● Raw data

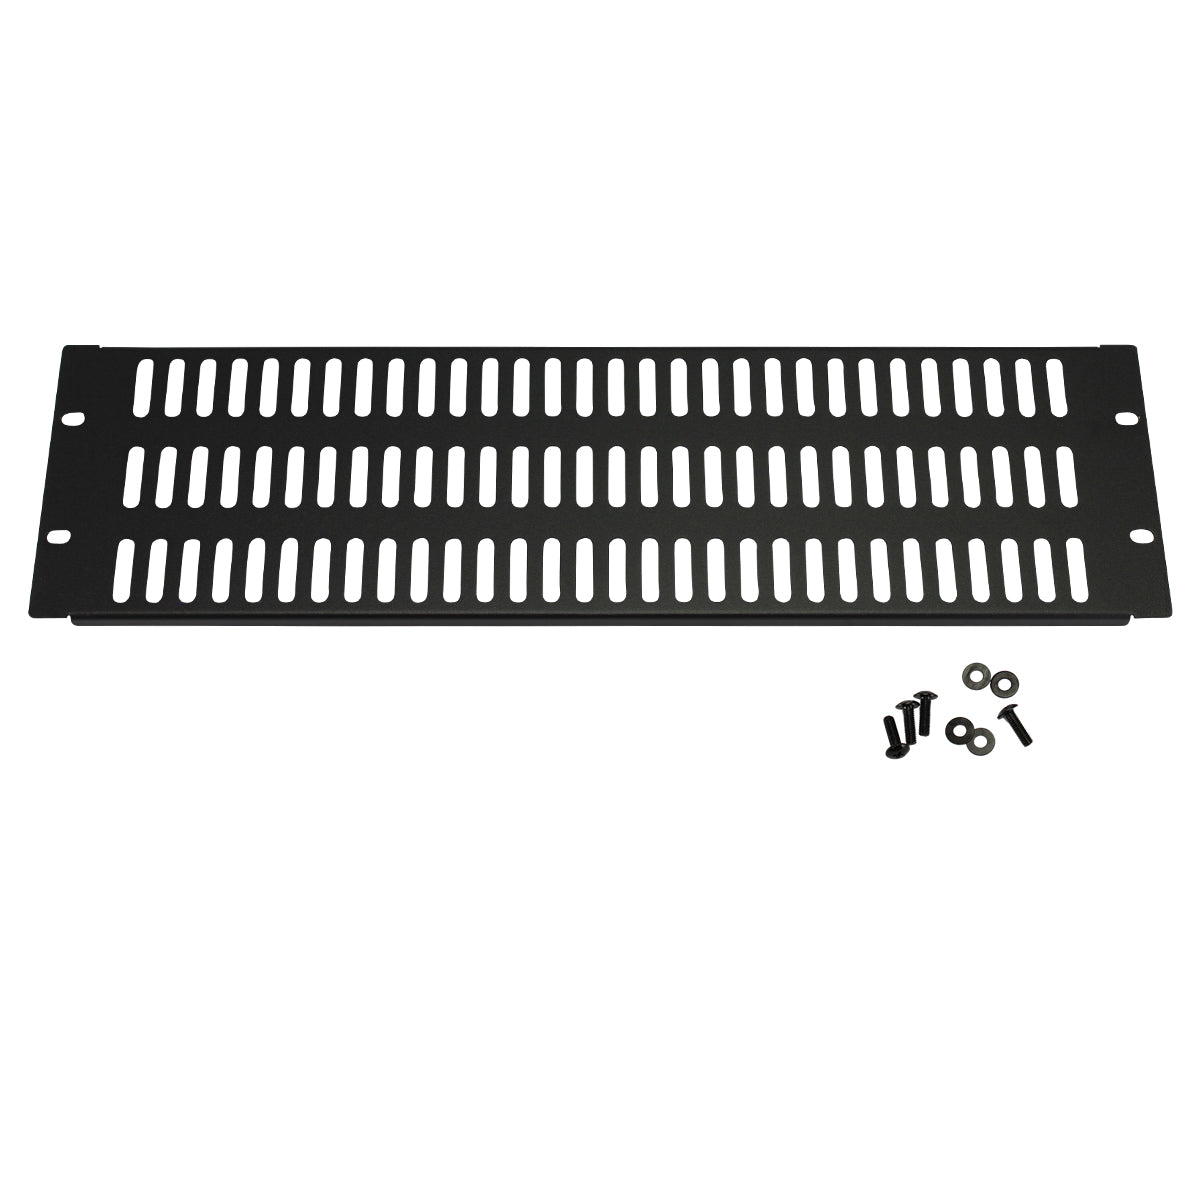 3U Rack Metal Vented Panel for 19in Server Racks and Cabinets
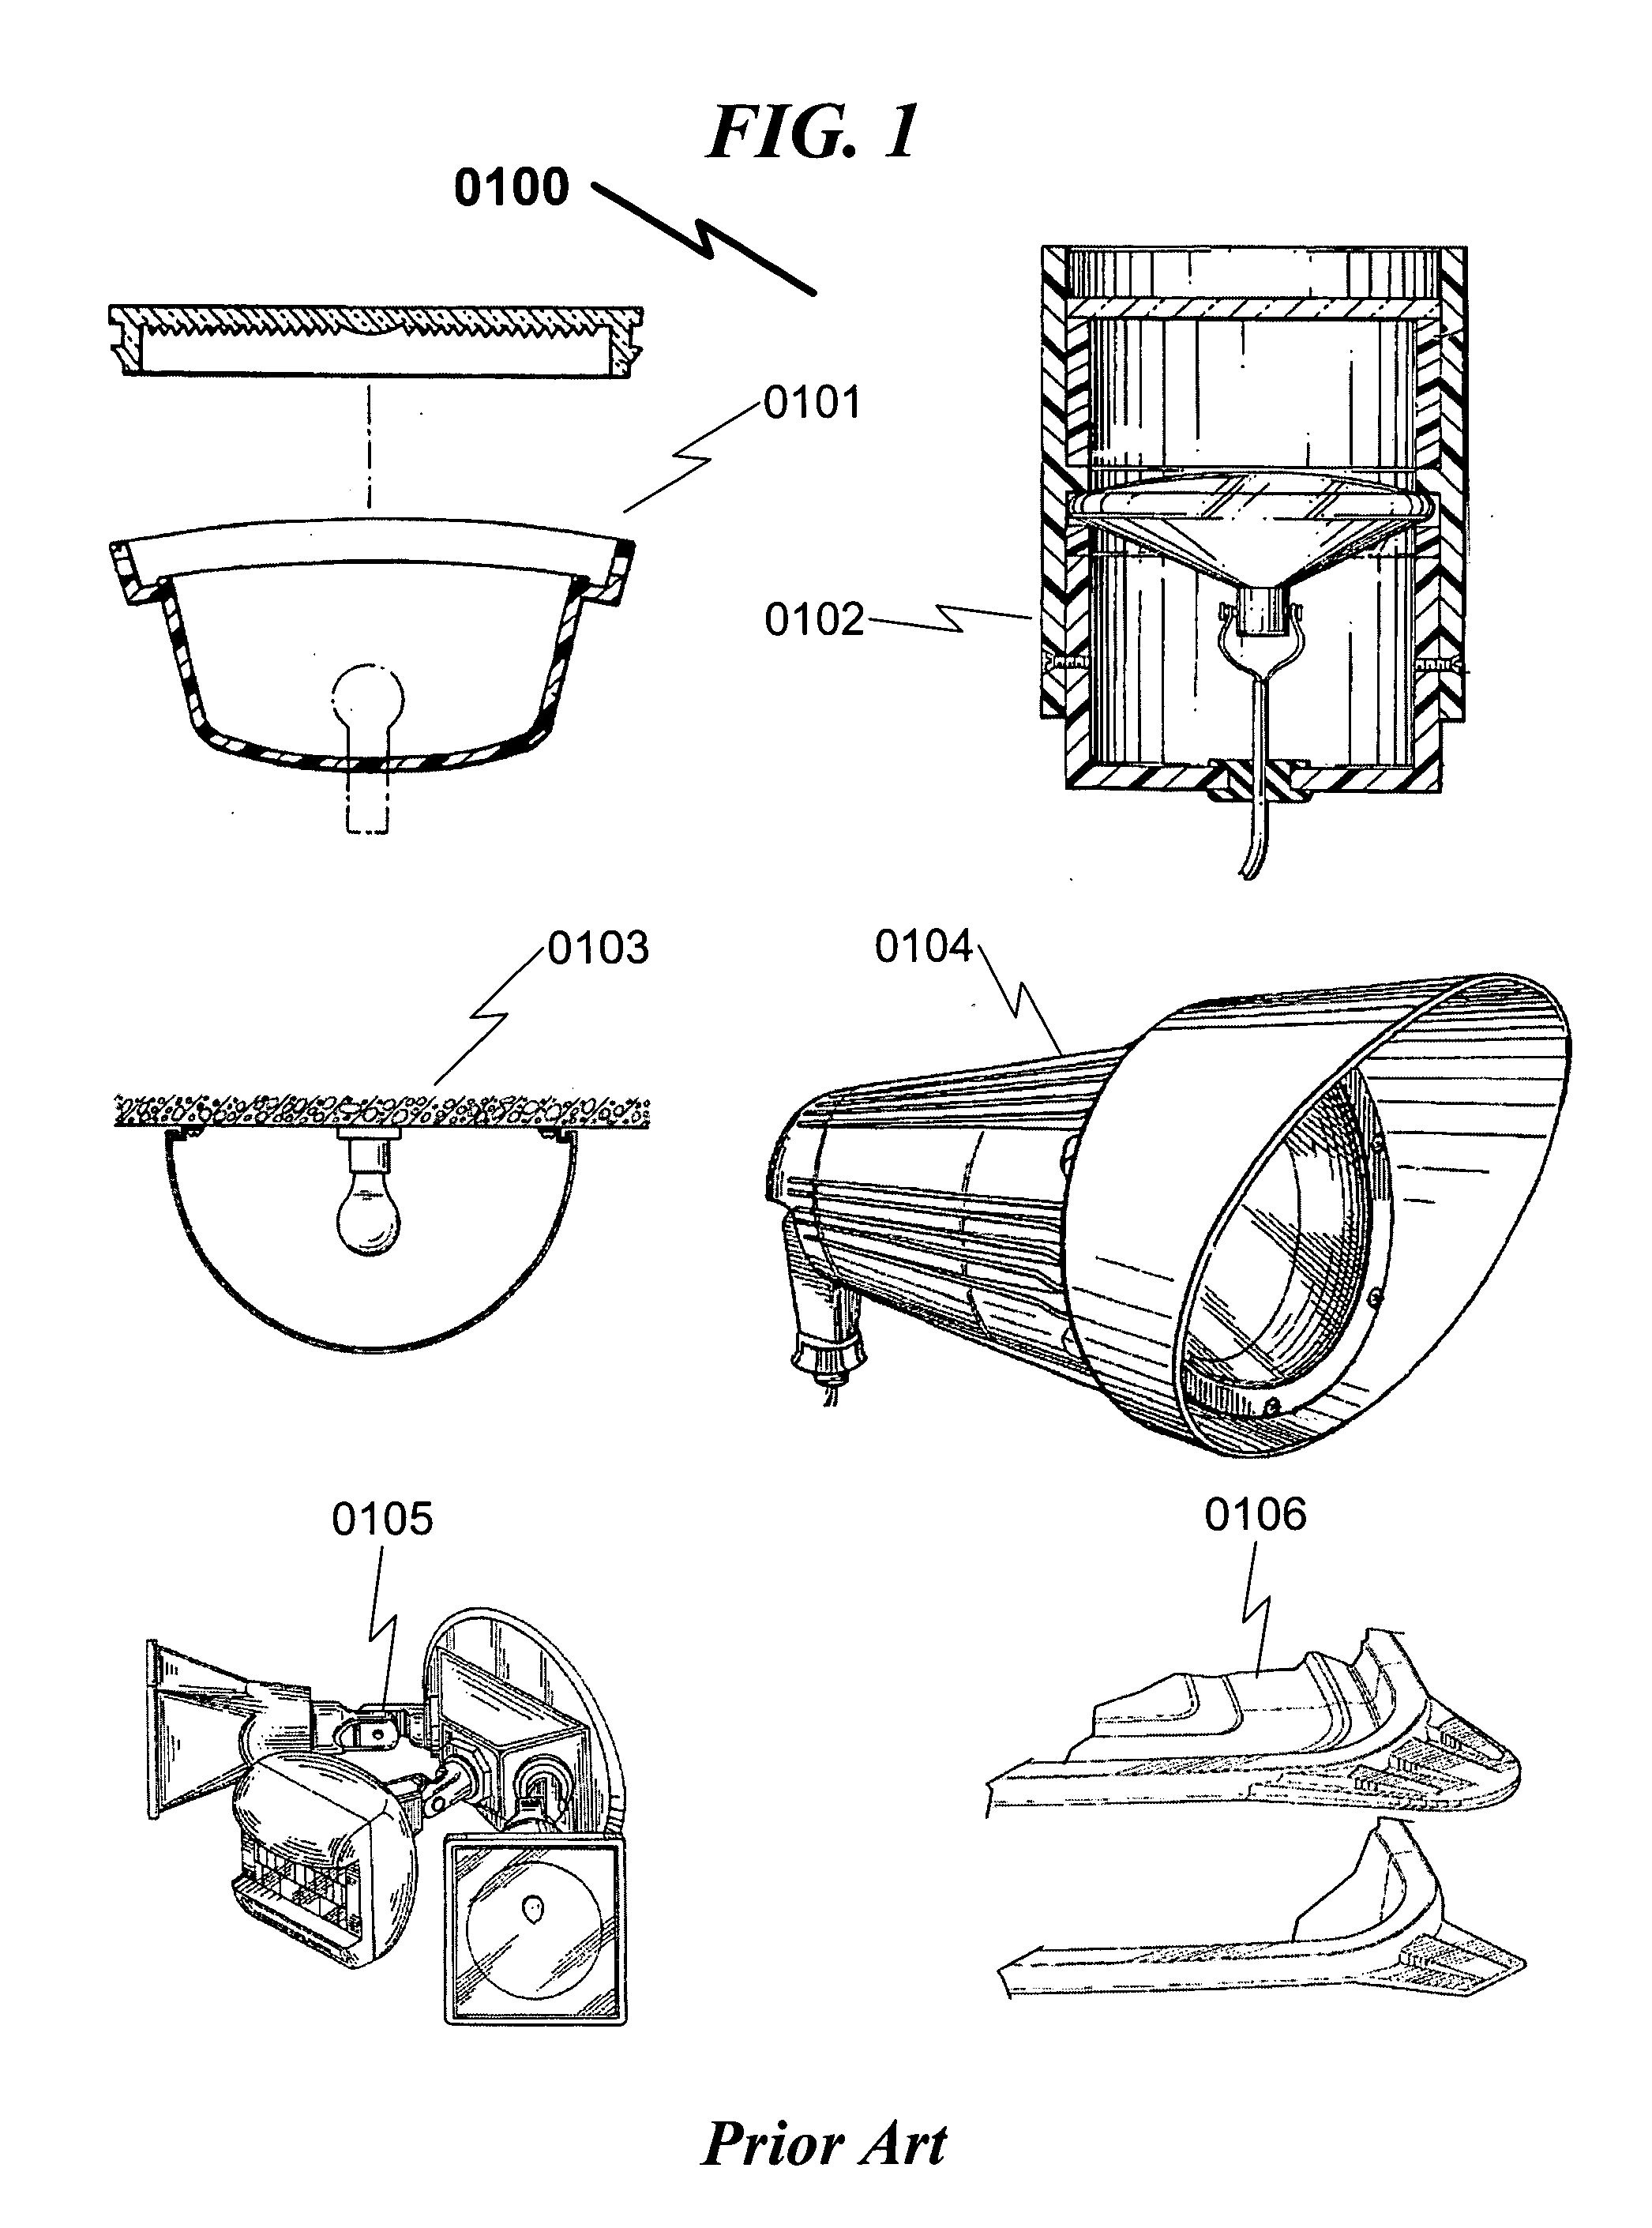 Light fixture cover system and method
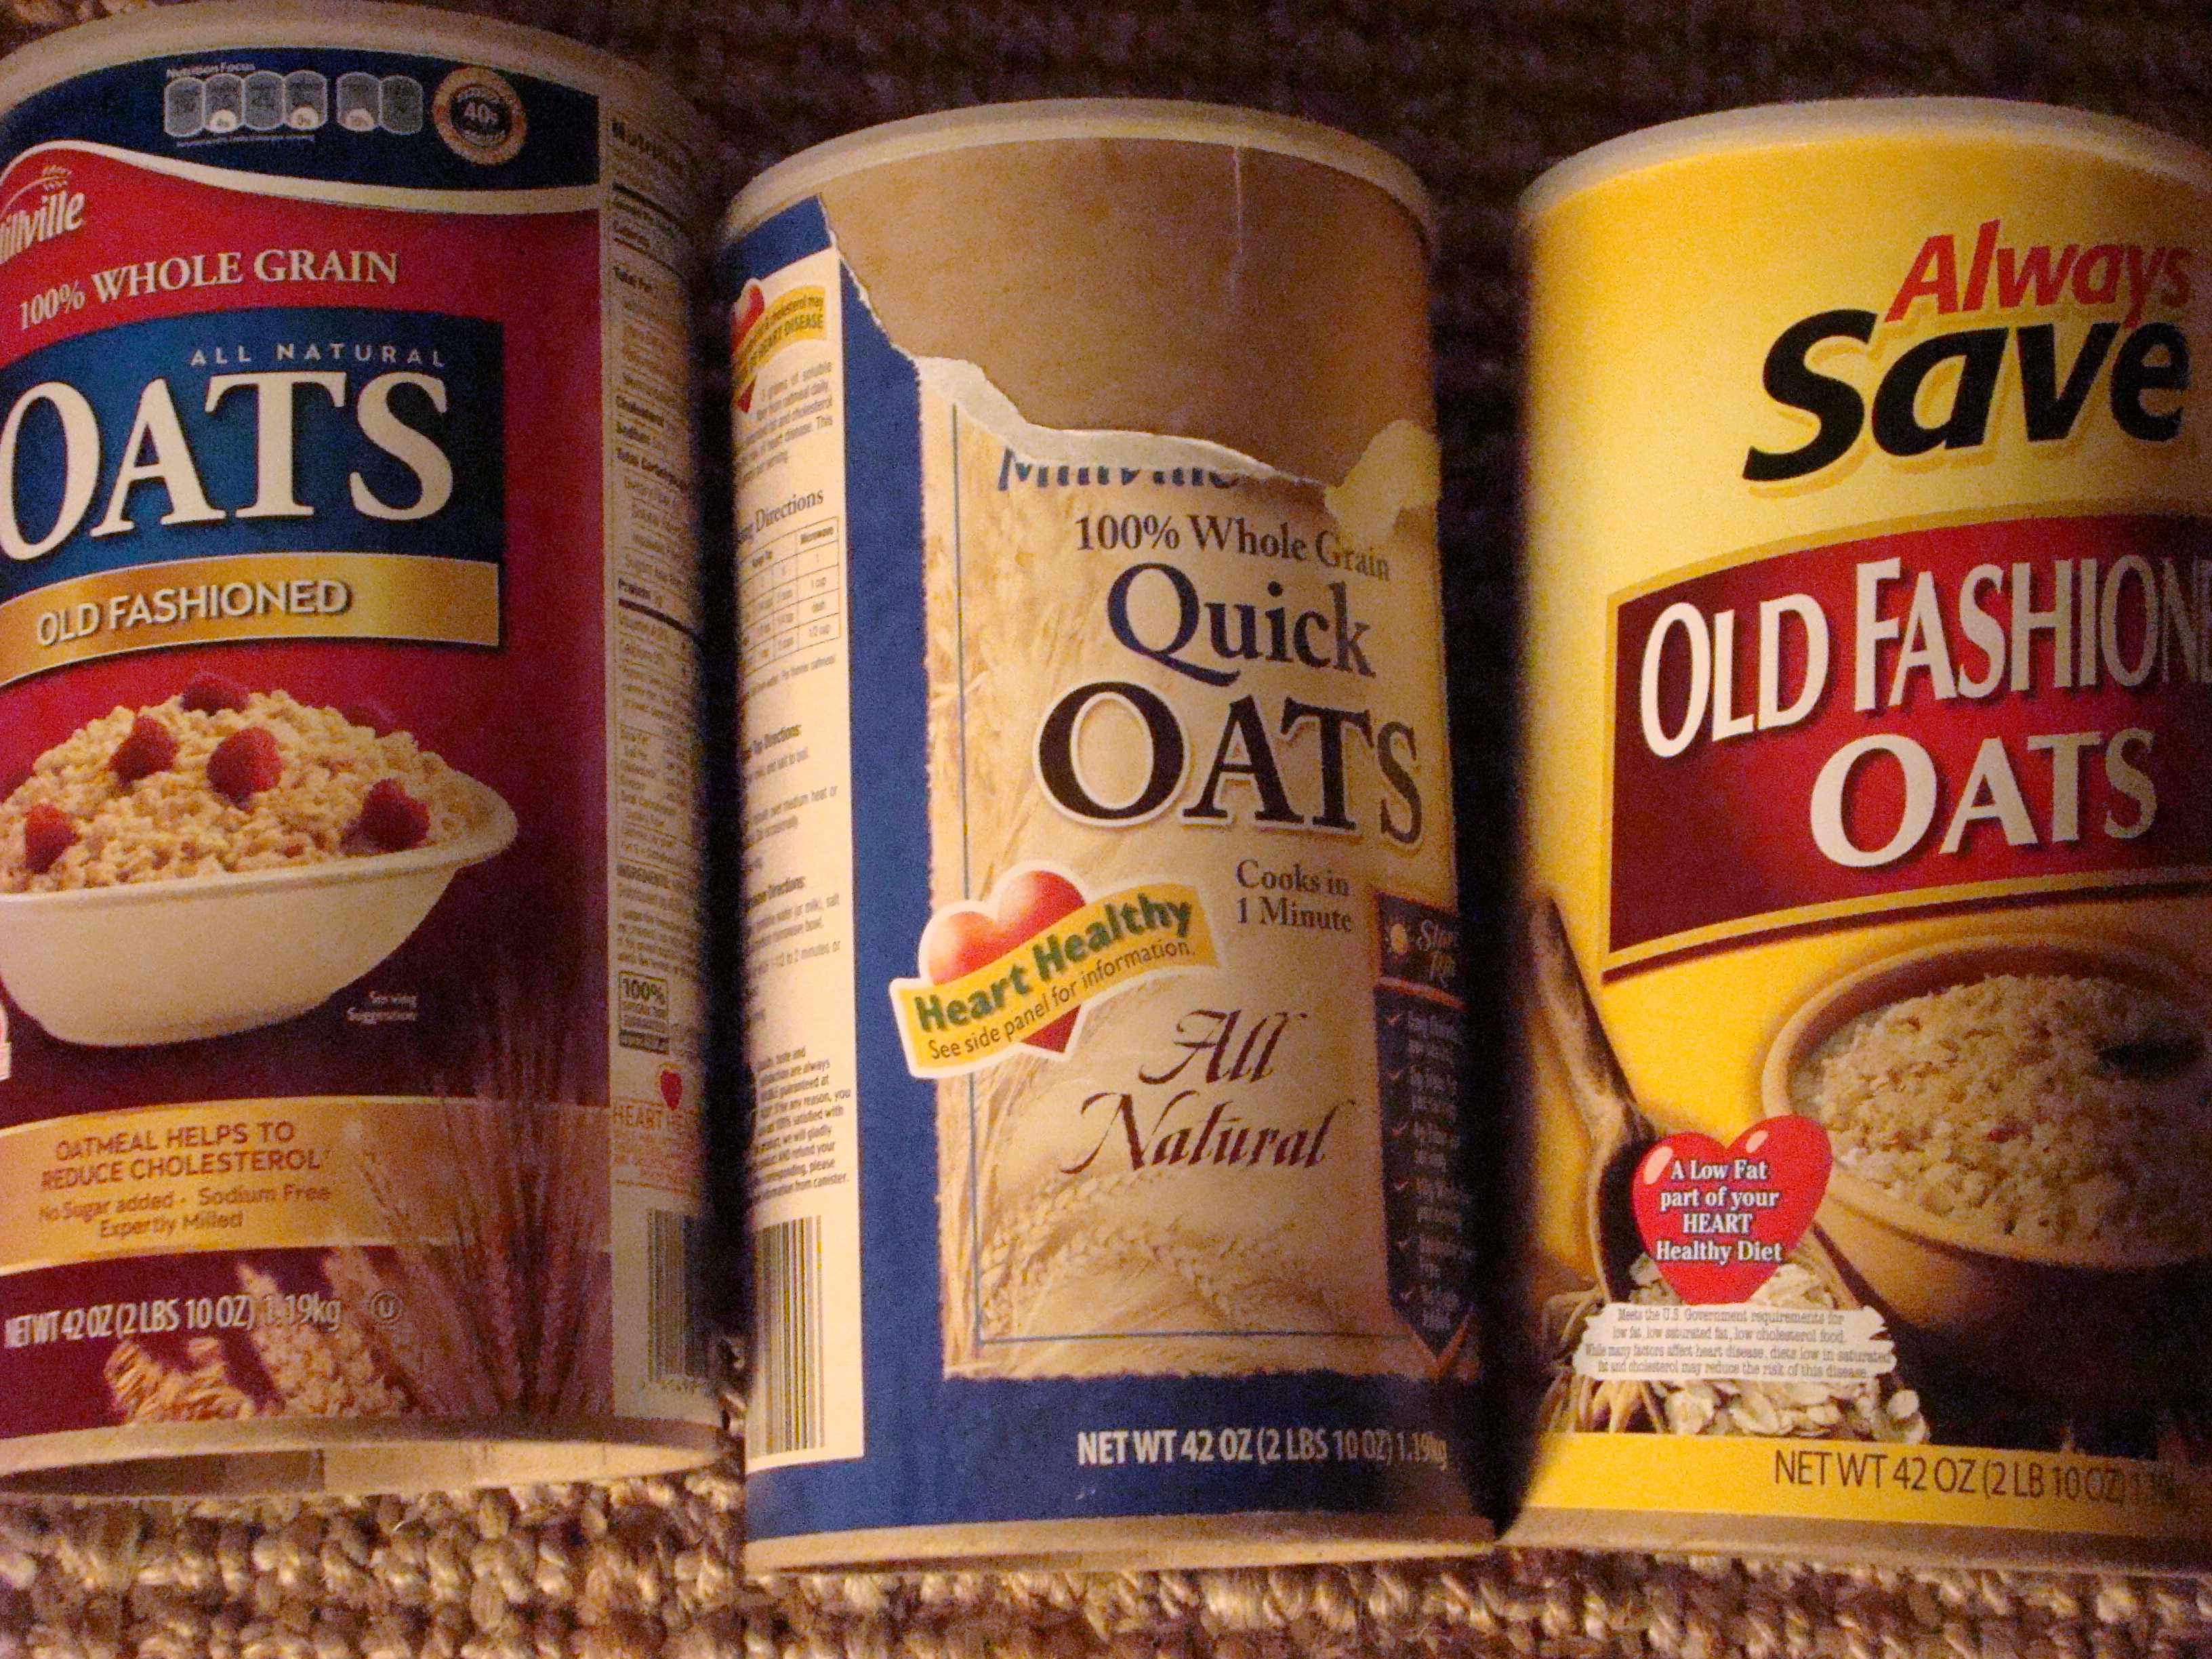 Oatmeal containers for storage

● Problem to solve
Each line above has to be returned exactly. Drop the pictures.

● Response for this exercise
 3U Rack Metal Vented Panel for 19in Server Racks and Cabinets
 Light fixture cover system and method
 Oatmeal containers for storage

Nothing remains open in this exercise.